St. Sergius of Radonezh (b.1314 AD) stopped four civil wars, influenced the poor and wealthy, and organized a monastic settlement whose members over the next 200 years started a movement by founding 150 monasteries in the forests and 100 in the cities.

St. Nilus of Sora (b.1433-d.1508) and St. Joseph of Volotsk (b.1439-d.1515) established two complementary schools of monastic thought which eventually came into conflict. St. Nilus emphasized monastic poverty, freedom for each individual monk to develop their own spiritual disciplines, and non-violent opposition to heresy, thereby founding the "non-possessors." St. Joseph emphasized the use of possessions to help the poor and needy, a common rule and practise for all monks in the same monastery, and aggressive suppression of heresy, thereby founding the "possessors."
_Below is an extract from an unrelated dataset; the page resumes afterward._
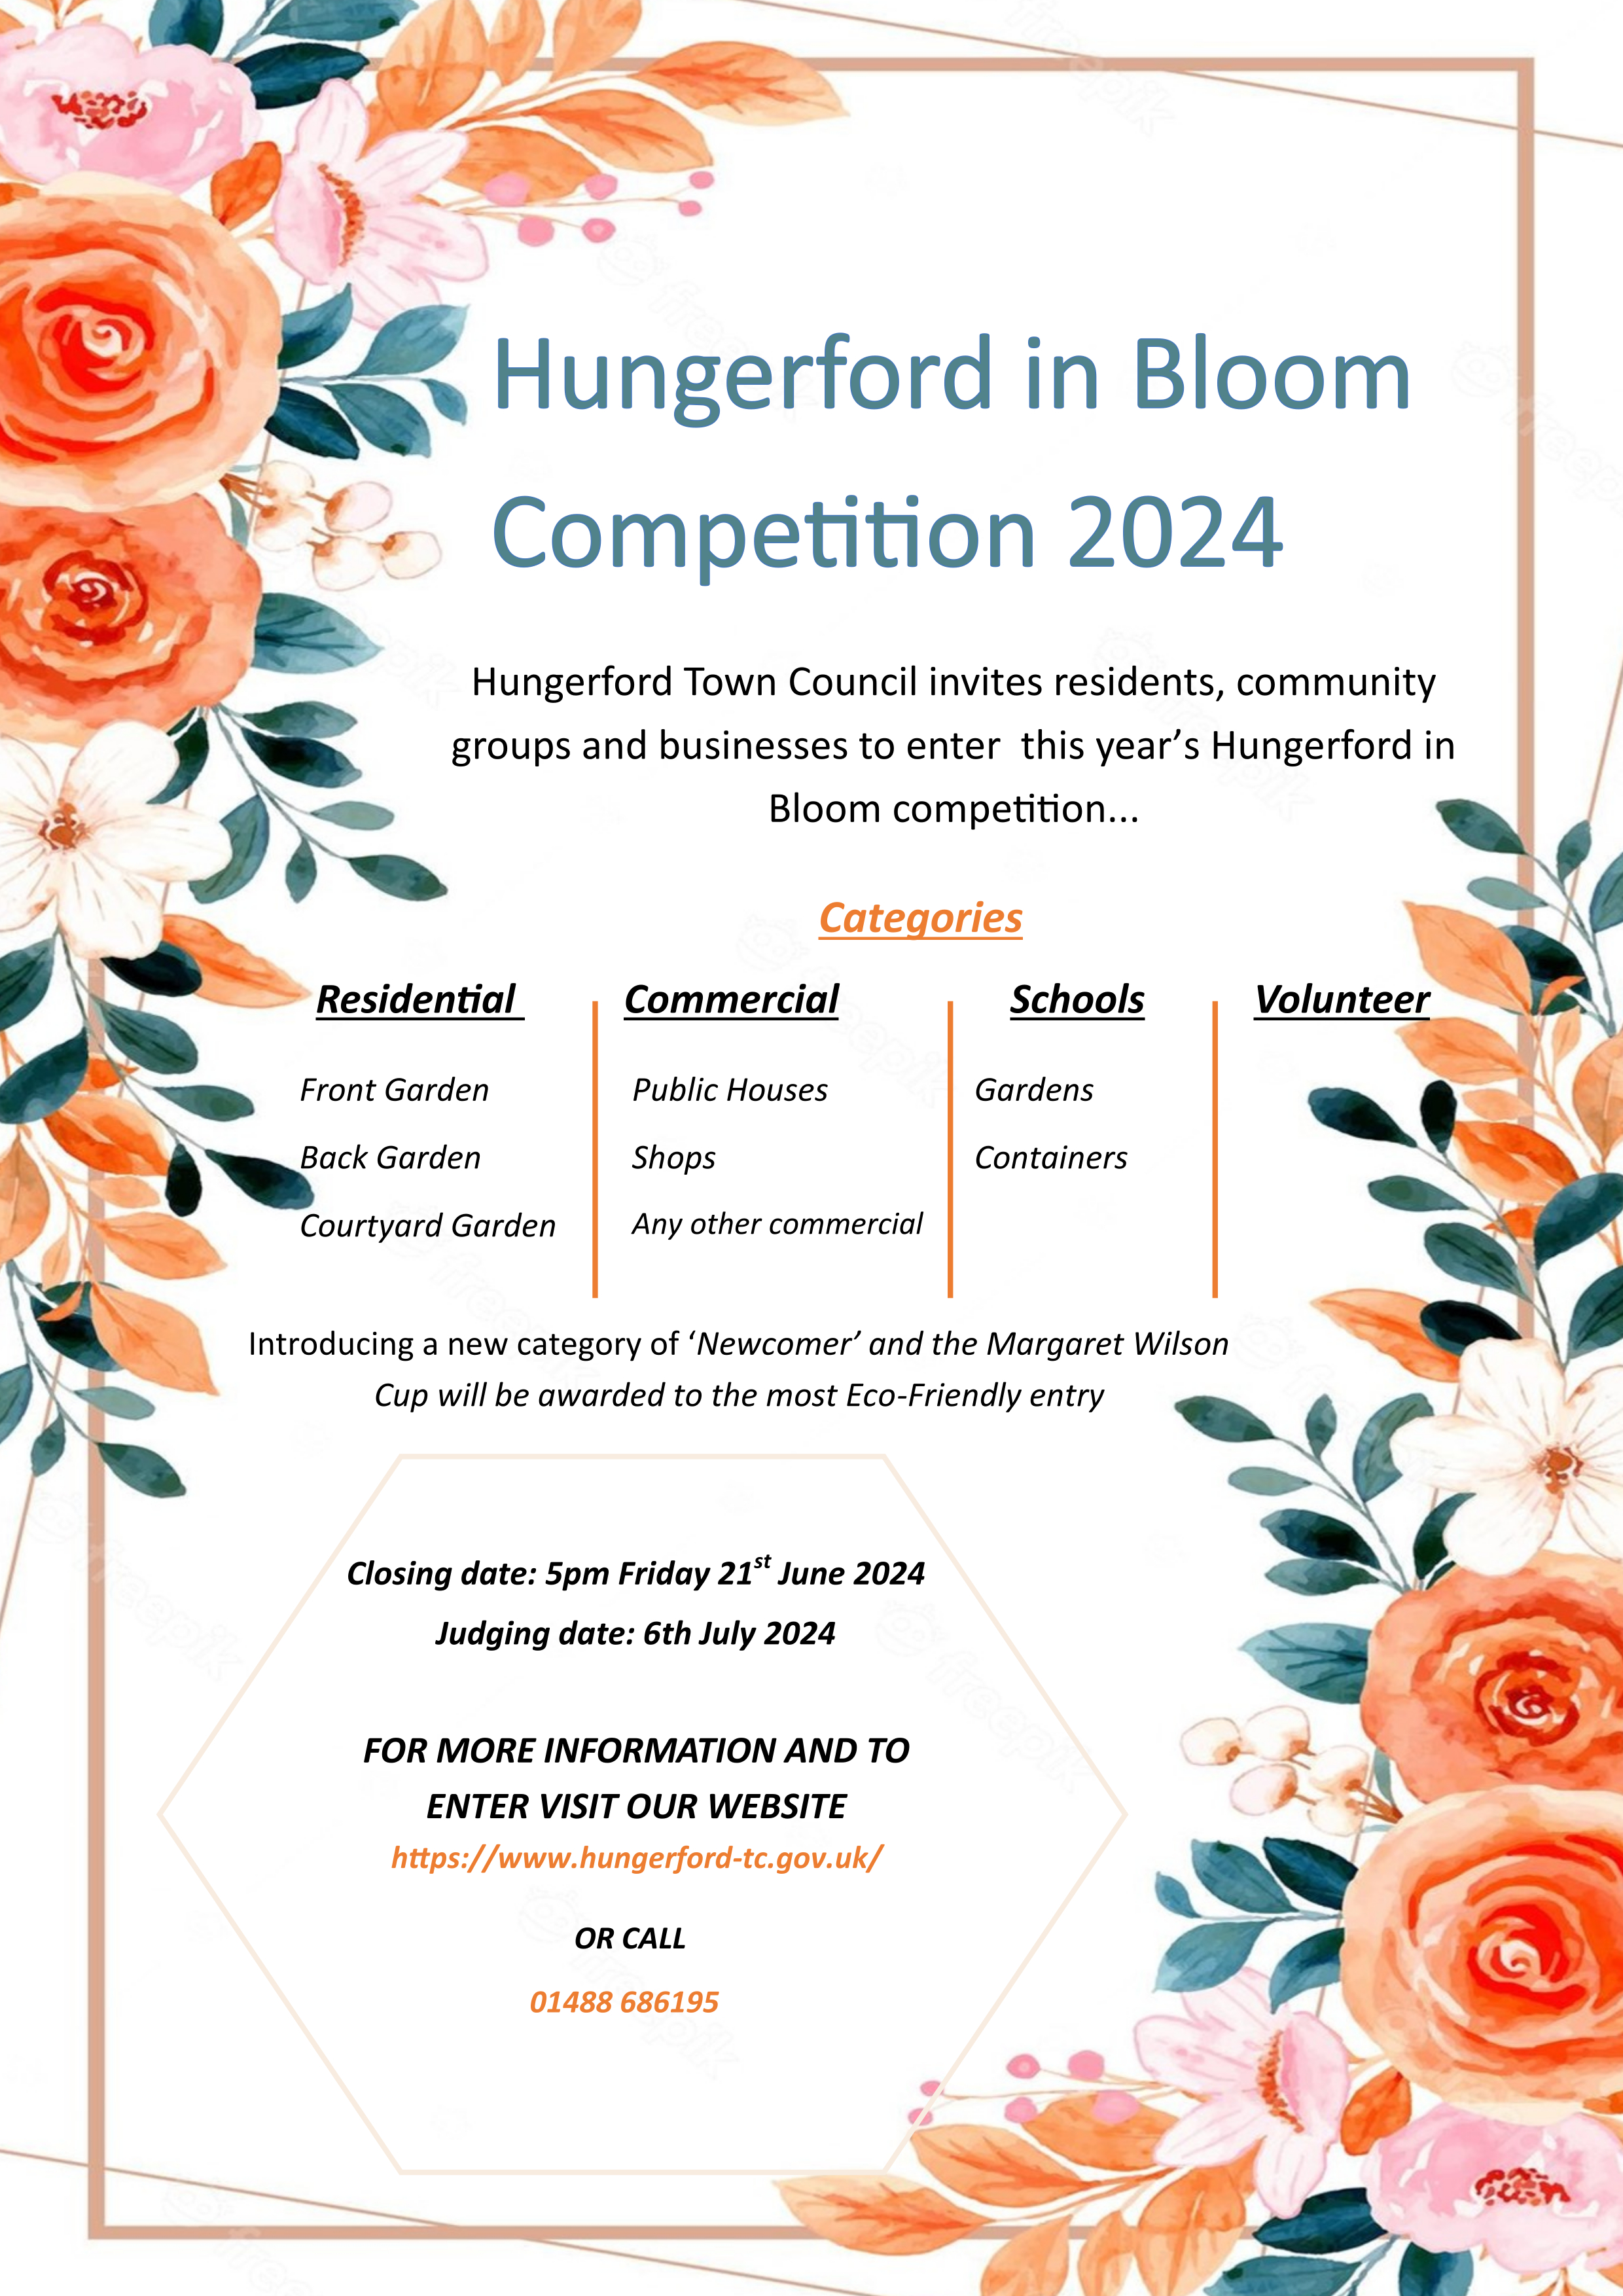 Hungerford in Bloom 2024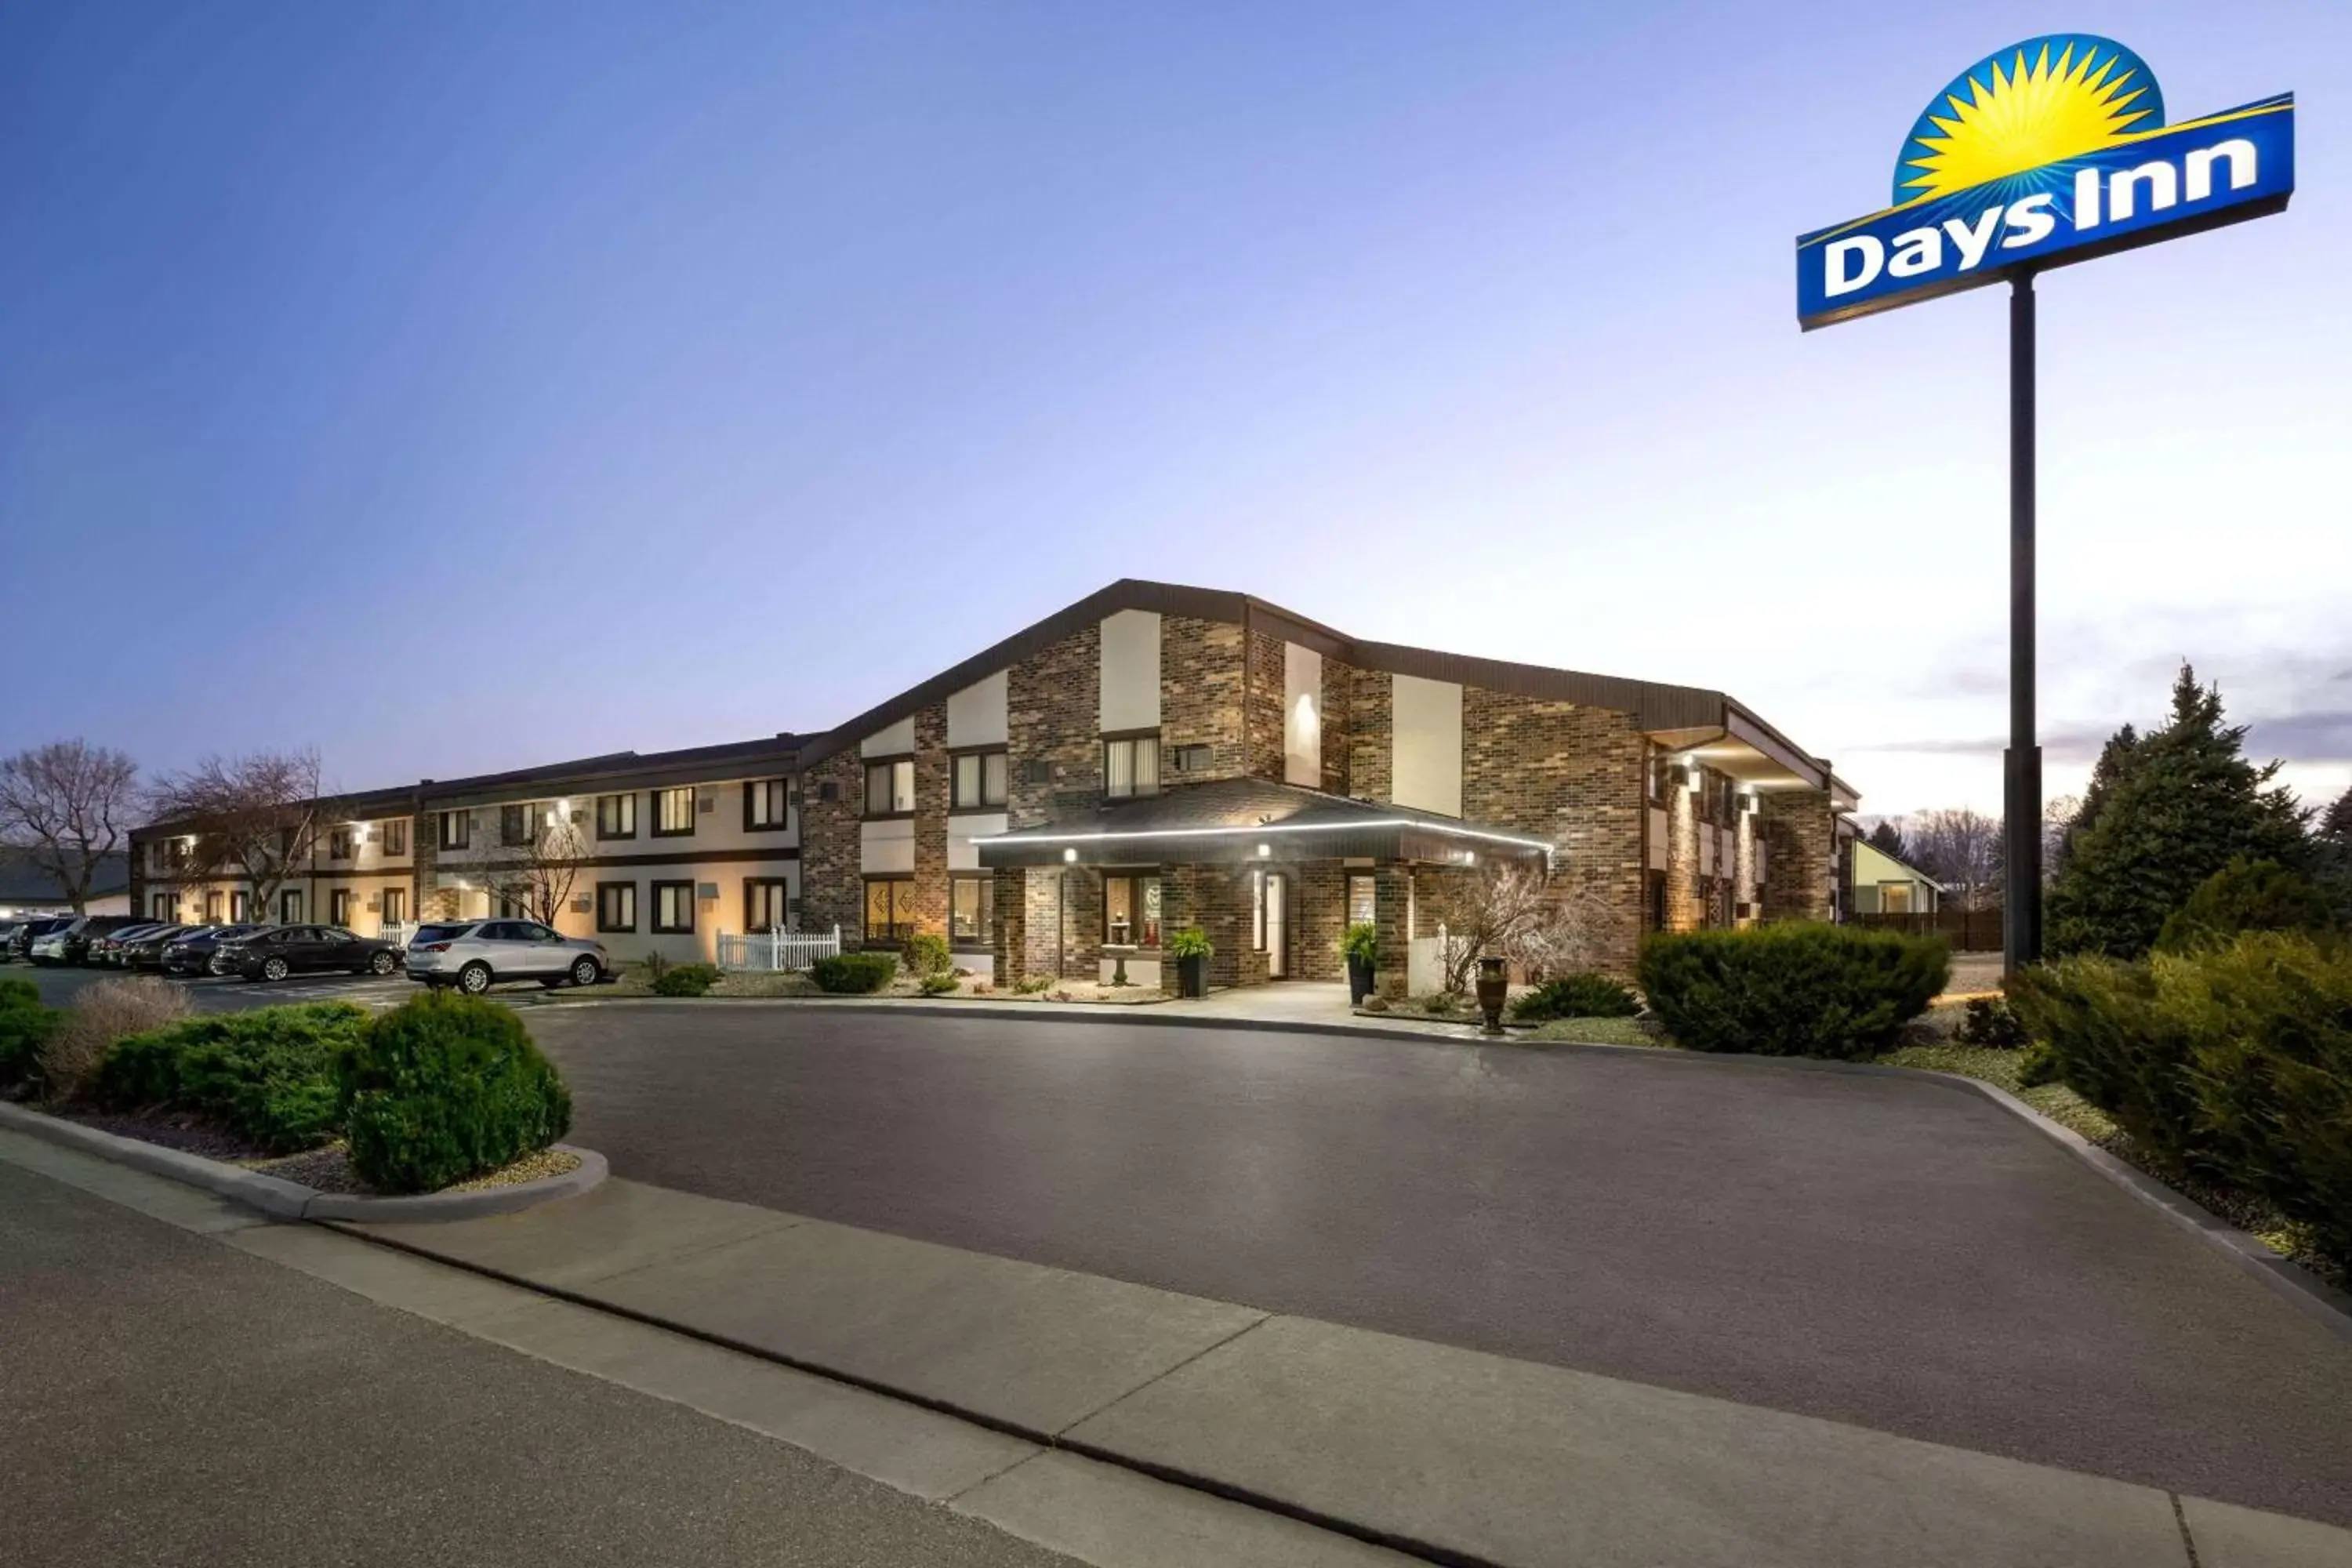 Property Building in Days Inn by Wyndham Fort Collins

St. Seraphim of Sarov (b.1759) largely spent his monastic life alone in the forest, was known for being a man of "light" and "joy" because of his experience and emphasis on being filled with the Holy Spirit, and eventually became a spiritual mentor to the thousands of pilgrims that came to his door in search of guidance.

The book is beautifully illustrated by etchings/engravings that almost have the feel of classic iconography. It would be a nice gift to friends and family. It is written in simple plain language and is probably geared for young people, but it can easily serve as a fun and moving introduction to the topic for adults. It covers key figures which emerged over about an 850 year period, thus giving a good snapshot overview of that time. At times it skipped over important events and seasons in each of the lives and, as a result, felt somewhat "choppy" in places. It could easily have been expanded to double the length by providing more information and illustrations for each of the lives, or by simply adding more lives, especially in the overlooked periods of 1350-1450 AD and 1600-1750 AD.

Overall, this was a fun and sometimes moving read. There are practical lessons from this book that I hope to carry over into my own current role in helping to catalyze, coach, and connect the modern-day house church movement which, it could be said, is an international network of back-to-basics "monasteries" and "friaries."